The Dead of Night (2004) – HORROR MOVIE REVIEW

Geno

 

By Geno McGahee

In the early 2000s, the video stores were still doing good business and I would frequent them weekly. Every Friday night, I would be there and would try to discover the next horror gem. OK, your Fridays may have been cooler than mine…whatever. The films that were released at this time that I enjoyed the most were the lower-budgeted, straight to video releases. They had heart and had a story to tell but with obvious limitations. Companies like Brain Damage and Maverick were known for stocking the shelves with titles that most people would walk by, but they counted on the die-hard horror fan like me. I rented all of those bastards and when I watched the 2004 monster movie “THE DEAD OF NIGHT,” I was brought back to a great time and had a great time with this film.

Written and directed by Tom Duncan, THE DEAD OF NIGHT has some obvious influences. It borrows from INVASION OF THE BODY SNATCHERS, but keeps the horror genre real by using the teenage bully, nerd, and monsters that we enjoy so much. This was made in 2004, but it may as well have been made in 1984.

Darryl (Jon Thomas Olson) is a jerk and is part of this clique…much like the Pink Ladies in GREASE. There is a code, more or less, and he is dating one of the girls in the group named Suzanne (Karrie MacLaine). Unfortunately, his infidelity, aggression and overall prick attitude has given her second thoughts. She also begins to have eyes for the new guy, Mel (Cameron Zeidler). Mel stops Darryl from beating up one of the less popular kids, Carl (Tom Brennan), and immediately impresses Suzanne. She’s going to drop her zero and get a hero.

I thought Carl looked like Steve Perry of Journey fame. If I was a bully, I would not have beaten him up. I would have taken him to Journey concerts and tried to get Journey groupies. You know, pretend he’s Perry and I’d be like the drummer or manager or something. I know it’s off topic a little, but if you got a celebrity lookalike friend, you got to take advantage of it. Unless they look like Jared Fogle or Bill Cosby.

“I’ll be alright without you!”

After the Darryl-Mel tussle, the situation appears to be squashed. Darryl shows he’s a good sport and invites everyone to the cemetery to party…even Carl and his friend, Howard (Patrick Pinson). Poor Carl thinks that Nancy (Tara Taylor) has a thing for him and that’s all Darryl needs to get him there and bully him once again. I was going to call it hazing, but typically hazing has some reward at the end, right? You know, these frat guys beat each other’s asses with wooden paddles and then they are one of the boys. Something like that. Well, here, they are just being dicks again. They tie up Carl and Howard and bury them alive and that’s when it gets really weird.

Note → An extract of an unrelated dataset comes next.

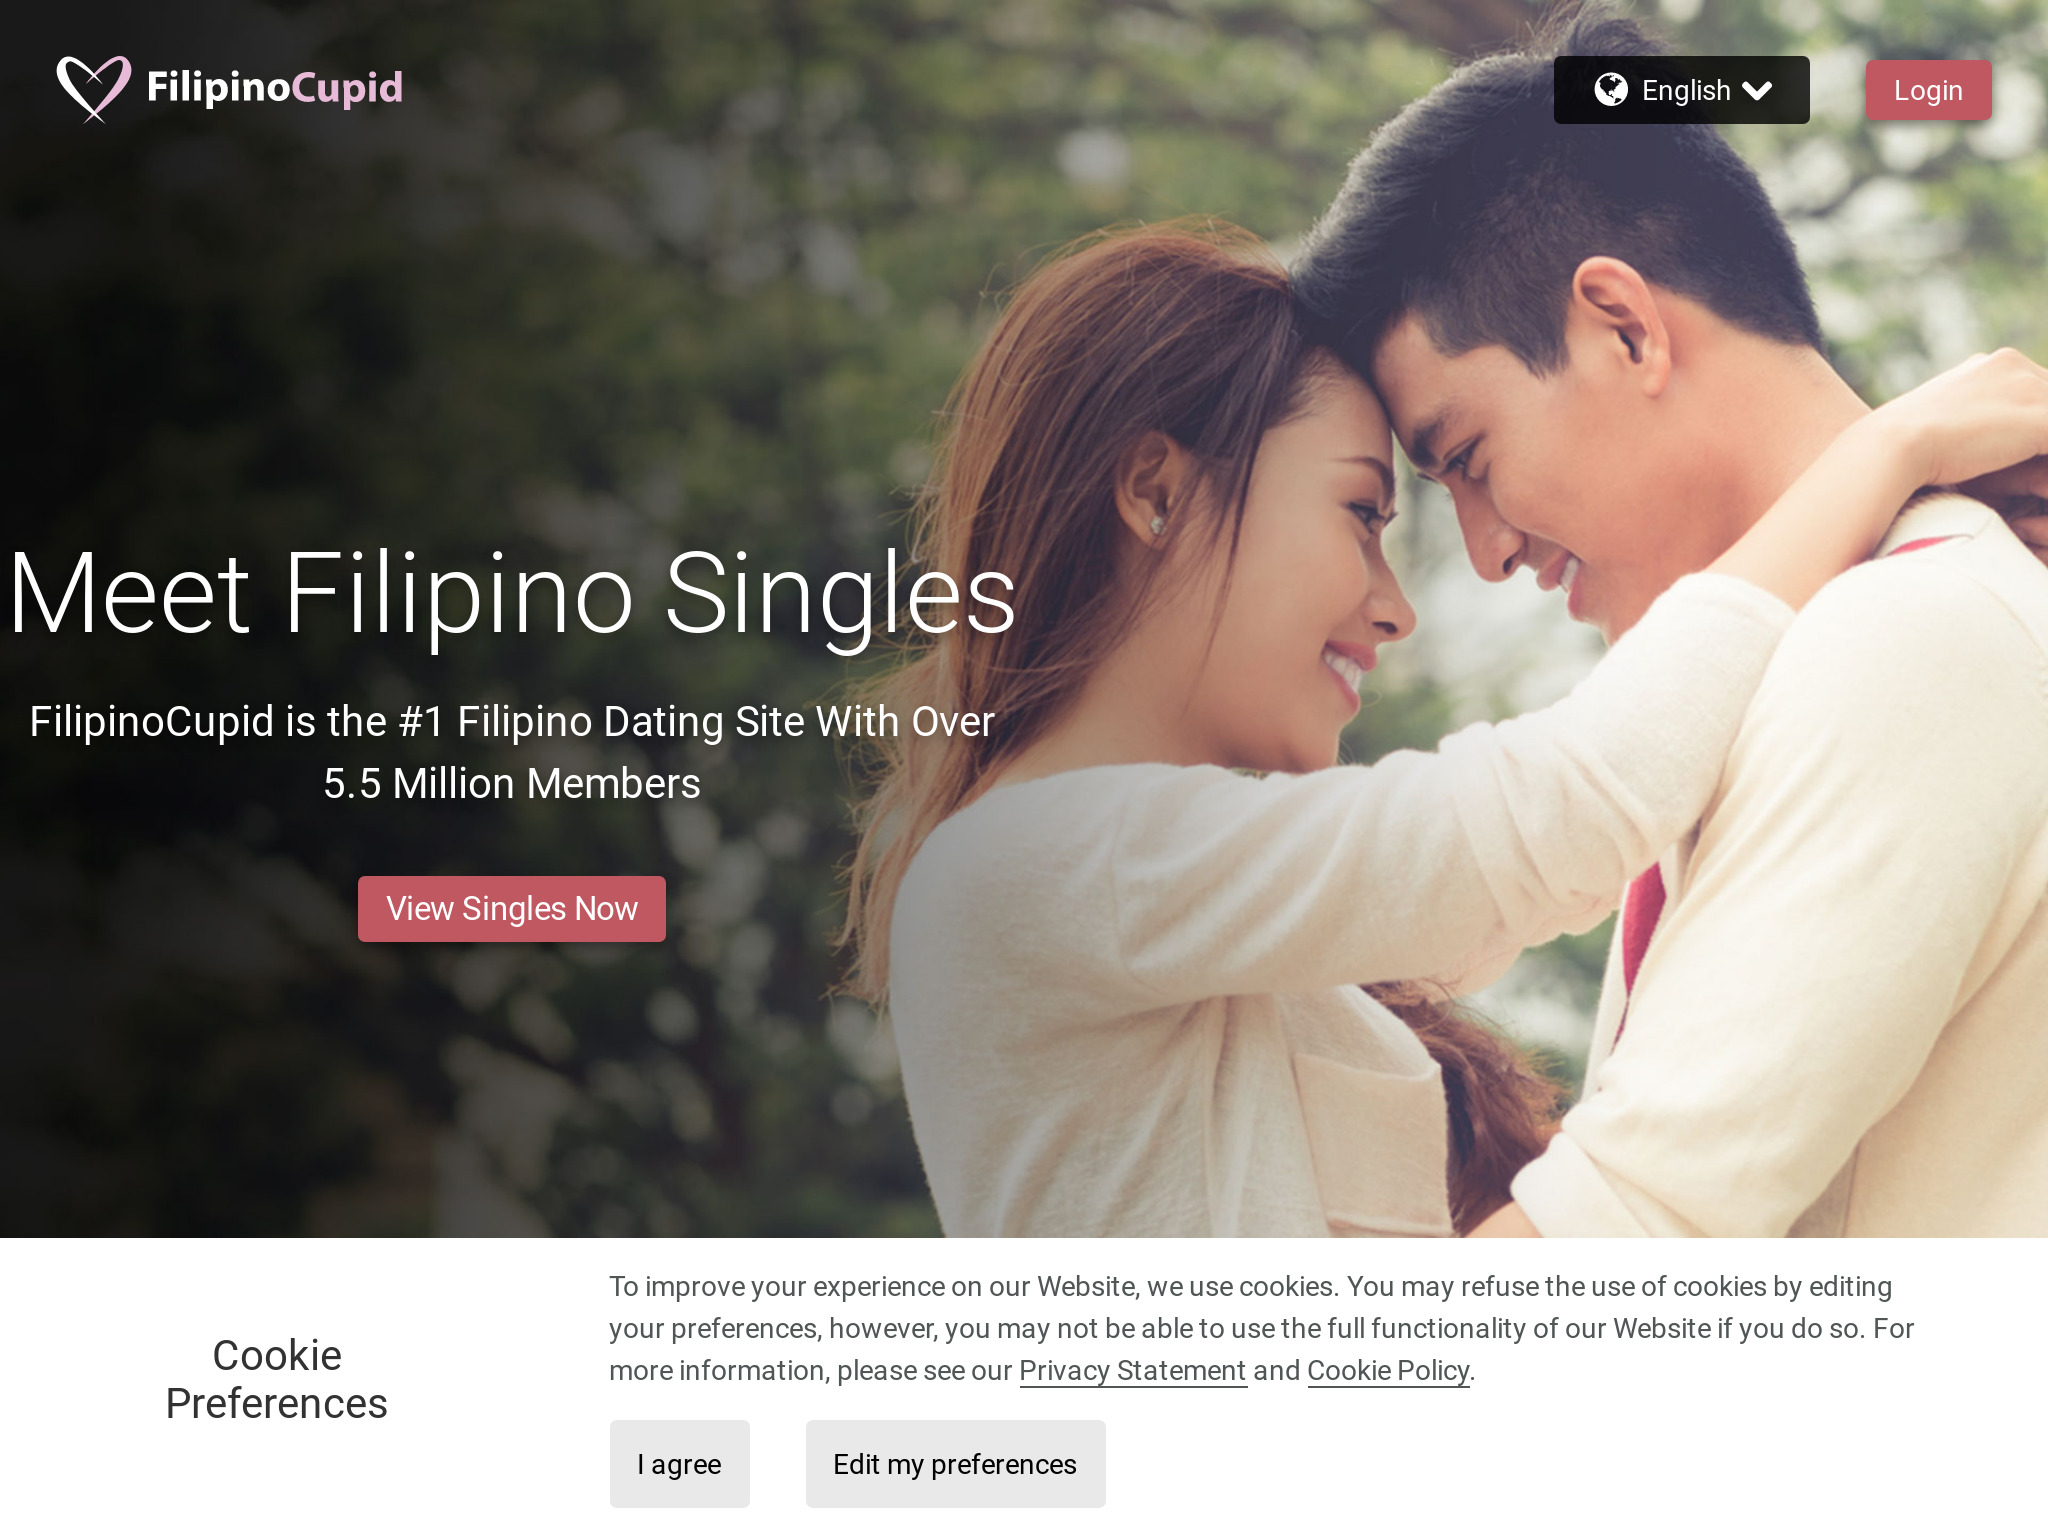 Revue de FilipinoCupid : Ce que vous devez savoir avant de vous inscrire

As they lie in the hole together, ghouls begin to surround and the two get out of the hole and make a run for it, but they are caught and are now ghoul-zombie-body snatcher things. Both Carl and Howard are transformed and so is Bev (Katie Swain), one of the girls in the group. The three team up to the confusion of Darryl and the rest. Why is Bev hanging out with Carl and Howard? Is she a Journey fan? Any way she wants it, that’s the way she needs it, apparently.

When Darryl tries to bully Carl again, he gets a rude awakening. Carl is super strong and so are Howard and Bev. They collectively kick the shit out of the bullies and Carl rejoices, noting that he felt invincible. Mel knows something is wrong and begins investigating, leading to a homeless man, Gerald (Mark Strohman). Gerald, an escapee from a psych ward and murderer of all the staff, informs Mel that there are ghouls stirring up shit and that they do take over human bodies.

After hours at the school, all hell breaks loose and we get to see the monsters in all their glory. They do a really good job (until the end) of making these monsters look tremendous, using lighting and editing to hide the cheap costumes. The ghouls dress like mummies and have weird fangs, but there is power in numbers and seeing the group of them running after people is quite cool.

There was one thing that really, really irritated me though. Nancy is facing off against the monsters and they are surrounding her. She recognizes that one of them as Bev and begins telling her that she will not fit in anymore and that she isn’t beautiful anymore. It was a very unrealistic response. I know that the writer was trying to show that fitting in is the most important thing to some, but I felt that the momentum that was so greatly built up to that point had lost a little.

THE DEAD OF NIGHT gets a lot of bad press and wrongfully so. It’s lower budget, but the film has a great deal of heart and it’s rather inventive. I was impressed with how they used the monsters and quick cuts in the editing to bring the point home. This film would have been a good Friday night movie, back when I went to Hollywood Video, but for now, it will just have to be called a good horror movie, period.